In late April, Motif Neurotech received FDA Investigational Device Exemption to begin the RESONATE Early Feasibility Study, its first clinical trial for treatment-resistant depression. The study will evaluate the Motif DOT-XCS System in adults who have not found relief from two or more antidepressant medications. The trial is planned across up to eight institutions and will assess whether the system can be implanted, operated, and tolerated safely in patients with treatment-resistant depression. 

Motif is a Houston-based therapeutic BCI company, founded in 2022, developing implantable neuromodulation technologies for mental health. DOT is the implant at the centre of its XCS System, a small, wirelessly powered device designed to deliver electrical stimulation to a brain region associated with depression treatment. It is implanted in the skull, without exposing, penetrating, or directly contacting the brain, placing it between external neuromodulation, like tDCS, and more invasive implanted systems, like DBS implants.

The design is built around that trade-off. Motif is trying to preserve some of the durability and anatomical specificity of an implanted system, while avoiding implanted batteries, leads, and direct tissue contact. DOT’s form factor is roughly the size of a blueberry and designed for placement in a short outpatient procedure. Its miniaturisation is enabled by wireless power technology developed at Rice University and exclusively licensed by Motif.

The IDE follows a longer development path. In January 2024, Motif raised an oversubscribed $18.75 million Series A to advance its miniature implantable stimulator. The company later became part of ARIA-linked work through Brain Mesh, a project involving Rice and MintNeuro to develop distributed networks of ultra-small wireless neural implants. It was also selected for ARPA-H’s EVIDENT programme, focused on objective measures for behavioural health and neuromodulation.

MintNeuro and Motif Partner

Days after the IDE announcement, MintNeuro and Motif announced a strategic partnership around the semiconductor layer behind Motif’s implant.
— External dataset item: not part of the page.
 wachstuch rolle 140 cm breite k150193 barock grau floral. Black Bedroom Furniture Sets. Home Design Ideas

The agreement combines MintNeuro’s purpose-built neural reading and stimulation chips with Motif’s ultra-miniaturised therapeutic implant platform. It is structured as a multi-year commercial supply agreement, giving Motif access to MintNeuro neural interface integrated circuits across preclinical, early clinical, and pivotal study phases. 
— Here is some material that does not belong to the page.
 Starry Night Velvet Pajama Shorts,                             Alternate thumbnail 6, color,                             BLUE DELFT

“For neural implants, the semiconductor layer defines what the system can physically and clinically achieve,” states MintNeuro CEO, Dorian Haci. Generic electronics can support early prototypes but are not designed around the combined constraints of a fully implantable system. In Motif’s case, those constraints include ultra-low power, small form factor, neural sensing quality, precise stimulation, safety, reliability, and strict thermal and energy limits.

MintNeuro CEO Dorian Haci

Motif’s implant architecture leaves little room for inefficiency. “Motif is developing an extremely small therapeutic implant, so every cubic millimetre and every microwatt matters,” Haci says. In that kind of system, the chip is not a commodity component added late in development but part of defining what the implant can be, how small it can become, how safely it can operate, and how well it can support Motif’s clinical roadmap.
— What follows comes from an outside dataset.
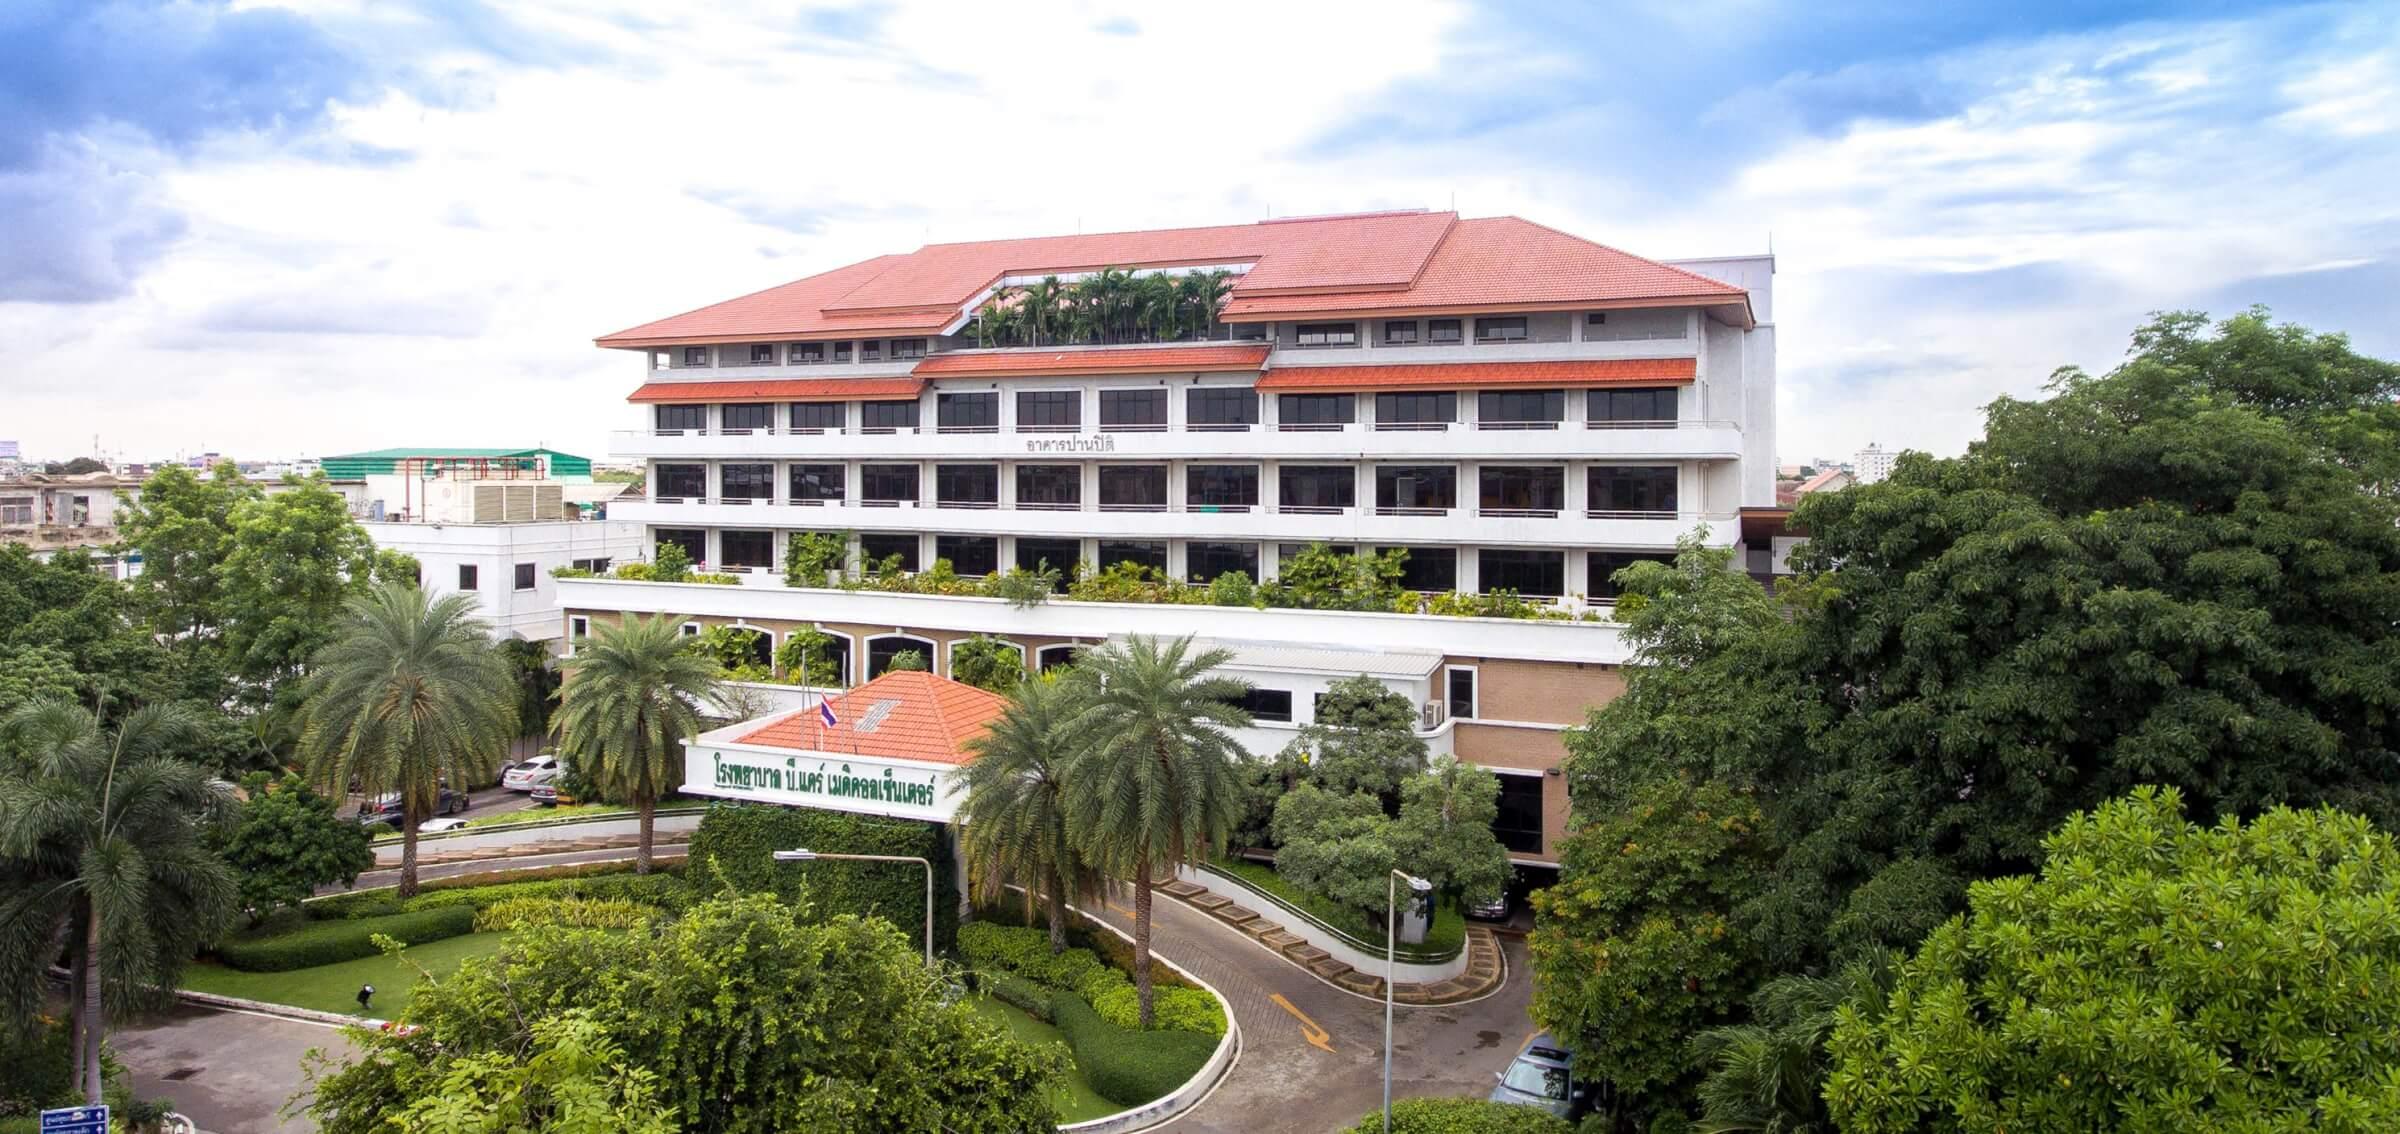 B.Care Medical Center มอบสิทธิประโยชน์แก่สมาชิก AssetWise Club

The hardest chip-level constraint is not one single variable, says Haci. Power affects heat, safety, wireless power requirements, and long-term operation. Size affects how minimally invasive the implant can be. Signal quality matters because neural signals are small and easily affected by noise. Each improvement creates trade-offs elsewhere: reducing size can worsen power and noise performance, improving signal quality can increase power consumption, and adding functionality can complicate integration and reliability.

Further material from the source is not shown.